[Given information]:
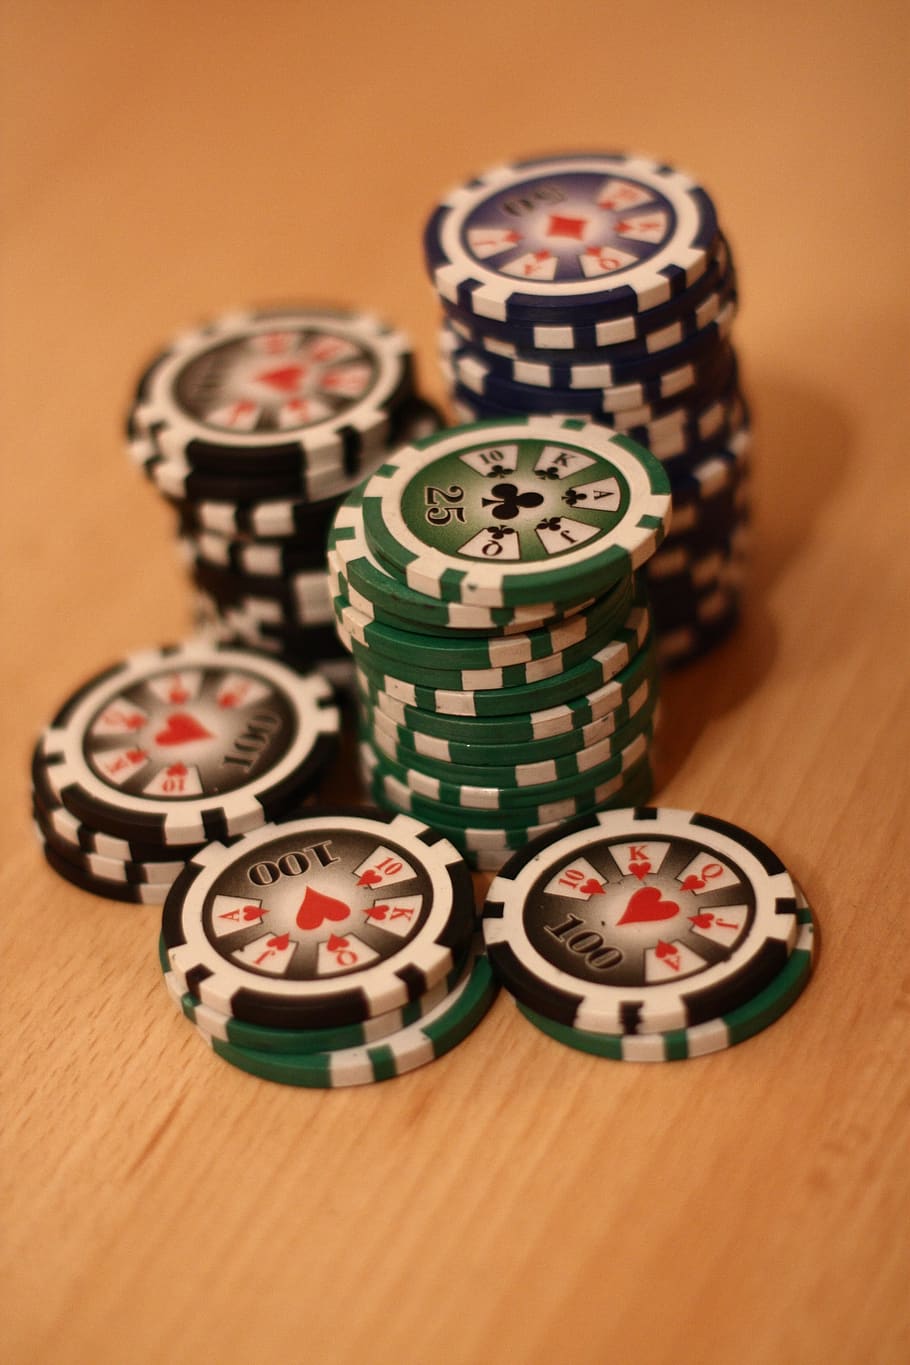 poker, poker chip, play poker, play, gambling, win, casino, card game, risk, profit
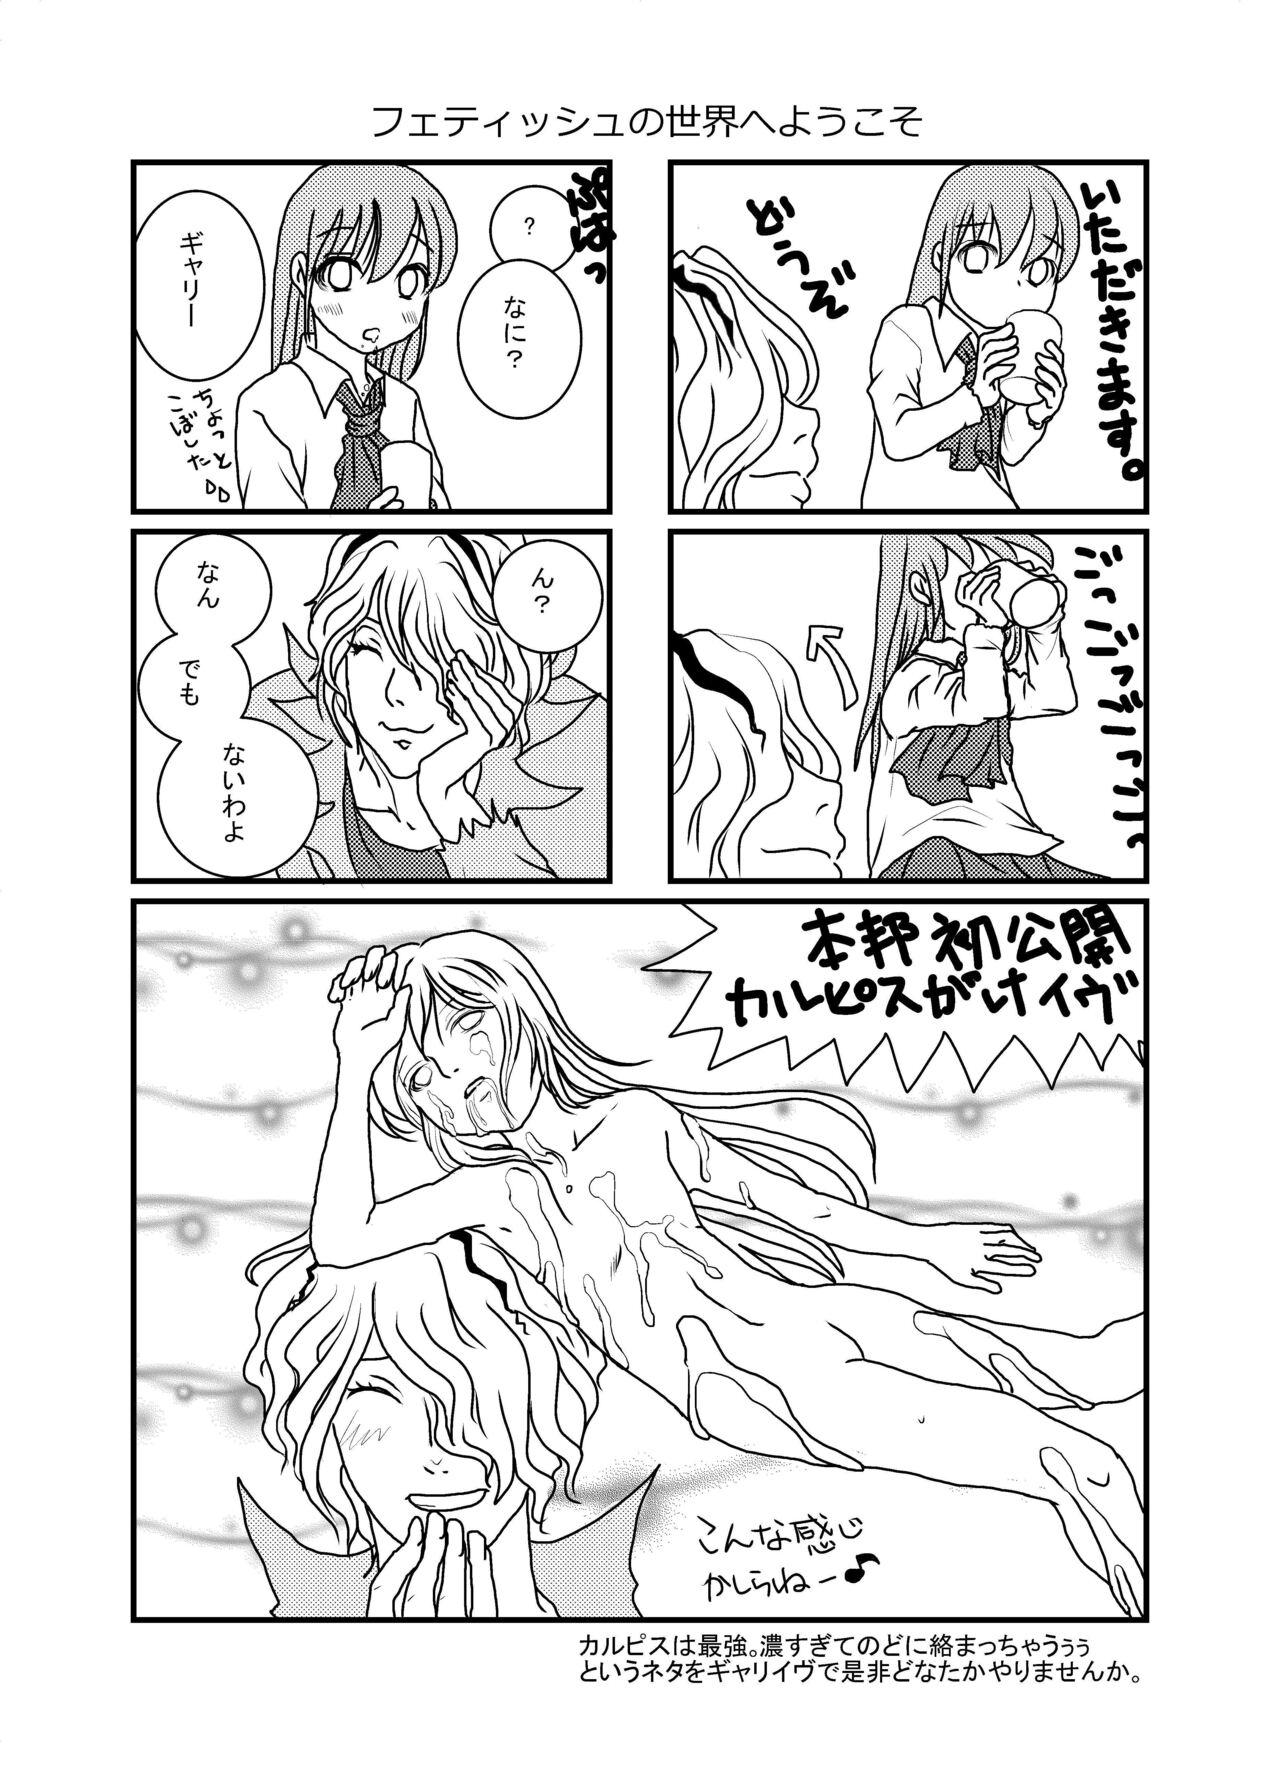 Cameltoe Ib Manga - Ib Peituda - Page 8
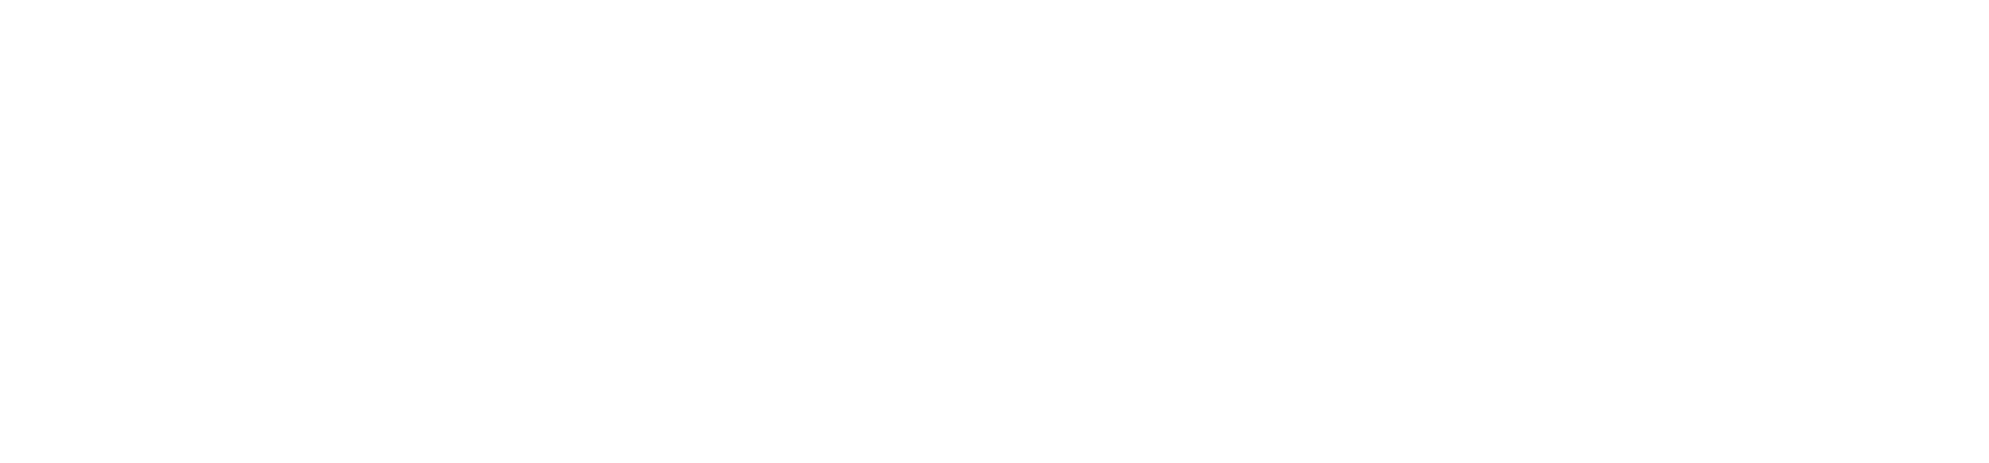 Creditcar

[Work task]: Output the full listing verbatim, but drop the images.

[Answer section]:
 poker, poker chip, play poker, play, gambling, win, casino, card game, risk, profit
 Cameltoe Ib Manga - Ib Peituda - Page 8
 Creditcar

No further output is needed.